Start with the octave

Pluck the low E string on a guitar. Now press it at the 12th fret and pluck again. You'll hear what feels like the 'same' note, but higher. That sameness isn't an illusion — the second note vibrates exactly twice as fast as the first. A 2:1 frequency ratio is what an octave is, and every culture on Earth, independently, has recognized it as a basic musical fact.

The octave is the boundary that organizes everything else in music. Whatever notes we pick inside one octave, the pattern repeats in every other octave above and below. So the only real design question is: how do we divide the space between a note and its octave?

Stacking perfect fifths — the Pythagorean discovery

About 2,500 years ago, Pythagoras and his followers noticed that two notes whose string lengths are in a 3:2 ratio sound almost as consonant as the octave. That ratio is what we now call a perfect fifth (the distance from C to G).

If you start on a note and stack perfect fifths — C → G → D → A → E → B → F♯ → C♯ → G♯ → D♯ → A♯ → E♯ — after twelve stacks you arrive back at a note that is almost (but not quite) C, several octaves higher. Twelve fifths is the smallest number that lands you remarkably close to home. Eleven misses badly. Thirteen overshoots. Twelve is where the math is least painful.

Equal temperament — the modern compromise

By the 1700s, instrument makers settled on equal temperament: divide the octave into 12 perfectly equal steps (semitones). Each semitone multiplies frequency by the 12th root of 2 (≈ 1.0595). Stack twelve of those and you land exactly on the octave (2.0×) — no comma, no error.

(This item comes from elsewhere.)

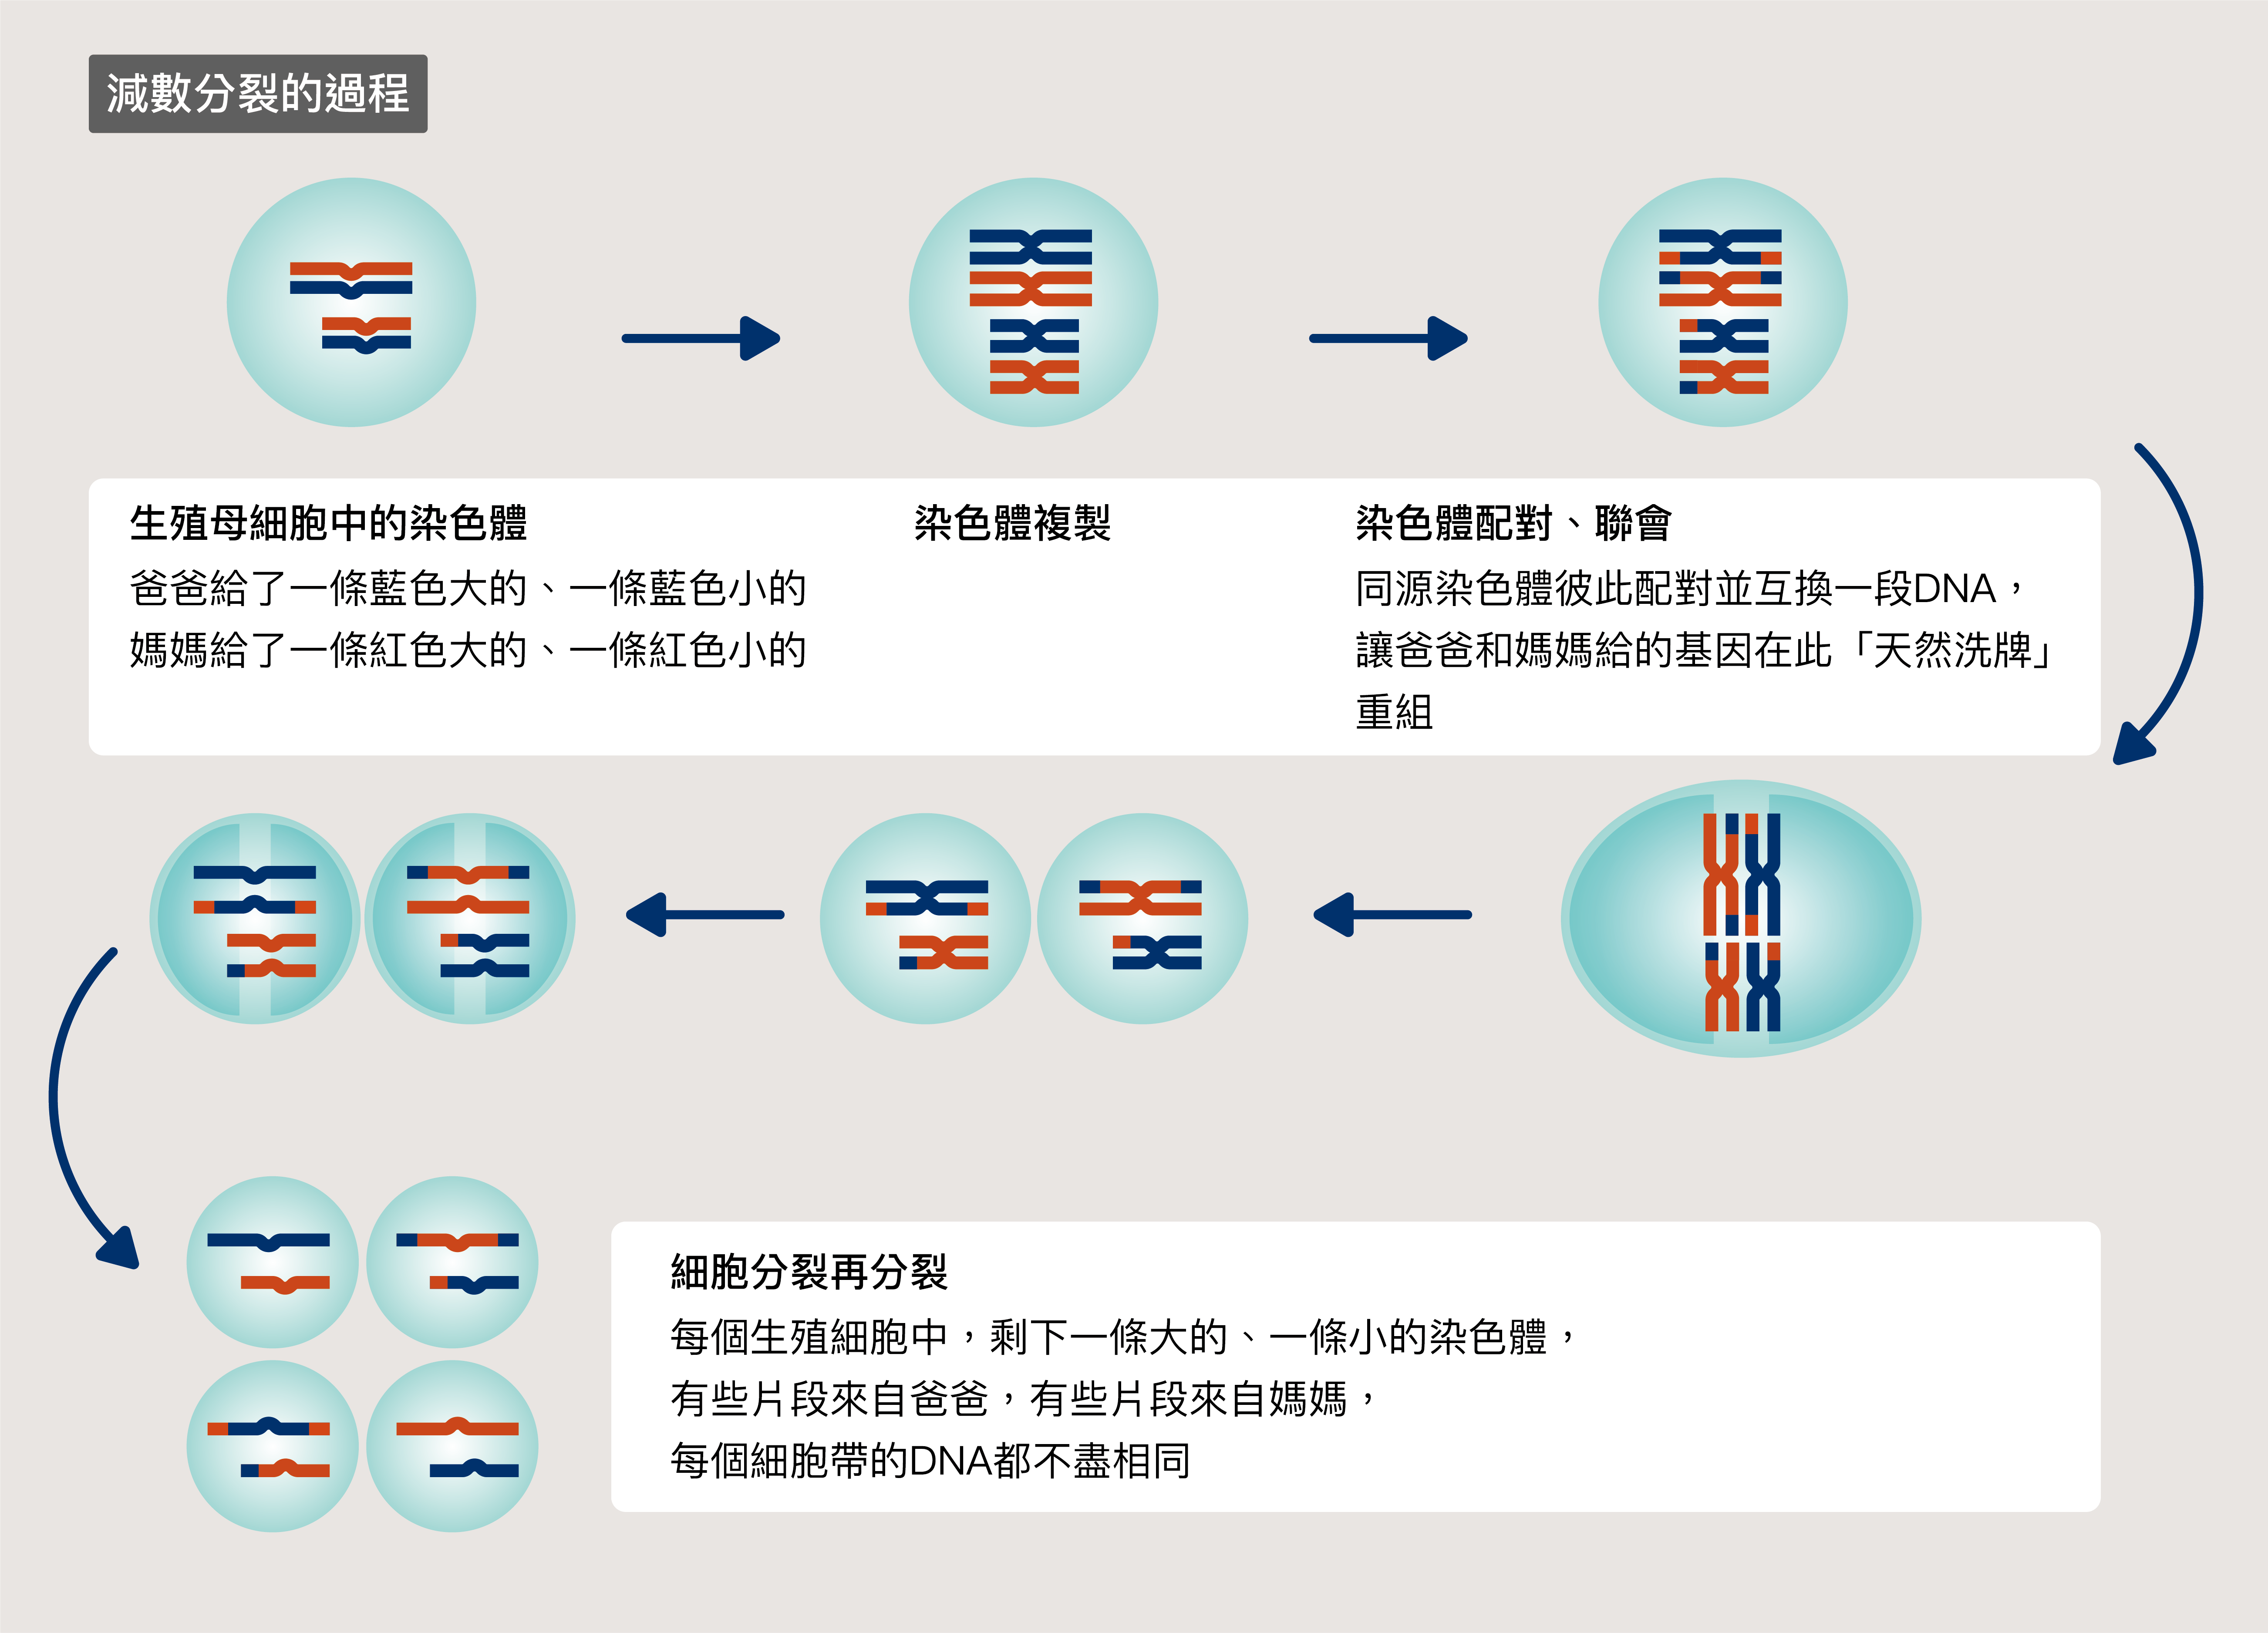 爸和媽媽的染色體,在細胞中要尋找彼此、配對互換 DNA, 才有機會生出更好的下一代 圖說設計│林婷嫻、張語辰

The cost: no interval except the octave is acoustically pure anymore. A guitar fifth is about 2 cents flat of pure; a major third is about 14 cents sharp. The trade-off is huge: you can now play in any key on the same instrument without retuning. That's why a guitar can play a song in C and the next song in F♯ without you touching the tuning pegs.

Why the keyboard has black and white keys

The seven-note (diatonic) major scale predates the 12-note chromatic system by centuries. Greek modes, medieval church music, and folk traditions all built melodies from seven notes per octave. When chromatic notes were added later for color and modulation, the original seven kept their letter names (A B C D E F G) and the newcomers were named with sharps and flats relative to them.

On the piano, the seven 'old' notes became the white keys, the five 'new' ones the black keys. Between B–C and E–F there's no black key because those pairs are already only a half-step apart — no room for a chromatic note in between. That's not a quirk; it's the historical record fossilized into wood and ebony.

How this maps to the guitar

Each fret on a guitar is exactly one semitone. Walk up any string fret by fret and you're walking the full 12-note chromatic scale. After 12 frets you're back to the open-string note one octave higher — the same 2:1 ratio Pythagoras heard.

Look at the low E string: open is E, fret 1 is F (half-step, no F♭ between E and F), fret 2 is F♯, fret 3 is G, fret 4 is G♯, fret 5 is A, and so on. The 'no sharp between B–C and E–F' rule shows up as two places per octave where two letter notes are only one fret apart instead of two.

Practice this week

• Say the chromatic notes out loud while walking up the low E string fret by fret. Do it three times. By day three you'll know every fret on the lowest string.
• Then do the same on the A string. Once those two are solid, you can find any note anywhere on the neck using octave shapes.
• Tune your guitar by ear: play the 5th fret of the low E (an A) and match it to the open A string. You're hearing two notes a perfect fourth apart — one of the simple ratios Pythagoras started with.